I feel that Rowan has become captured by the powers, whether those powers are seen as ‘establishment’ or ‘ecumenical concerns’ or something else. He has raised up the principle of catholicity and unity too far above those of truth and justice and the reality of Anglican church autonomy and existing structures. The principles of catholicity and unity are good principles, but like all good principles they can be taken too far – and I believe they have now become idols: they will give what is requested, but take human life in exchange. For all sorts of reasons I believe the centralisation of power to be wrong and remarkably ill-timed in a context where a post-Peak Oil world will soon be shrinking again.

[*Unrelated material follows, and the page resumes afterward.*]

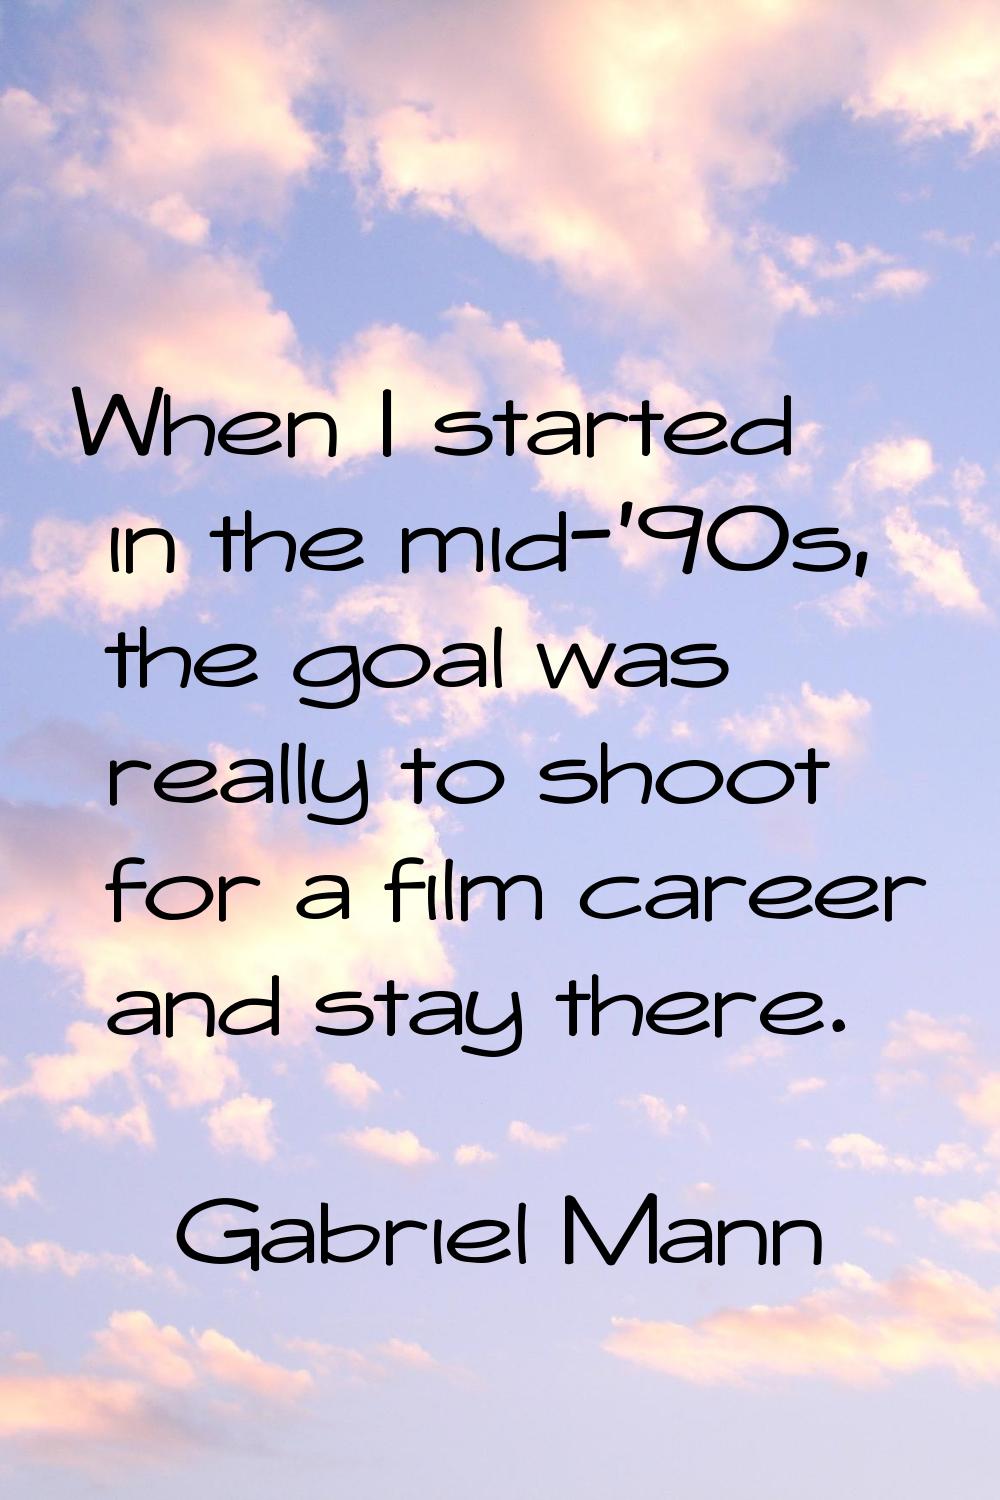 When I started in the mid-'90s, the goal was really to shoot for a film career and stay there.

What is most saddening is how the Jeffrey John affair seems in retrospect. I could just about get my head around it if it was about timing, ie that the kairos was wrong. Yet Rowan’s position now is that – in contrast to his previous teaching and practice – there will never be a kairos moment for such as Jeffrey John. I no longer have any sense of where Rowan’s integrity lies in all this. I’m sure it’s there somewhere; but then, Caiaphas was probably a good and prayerful man too.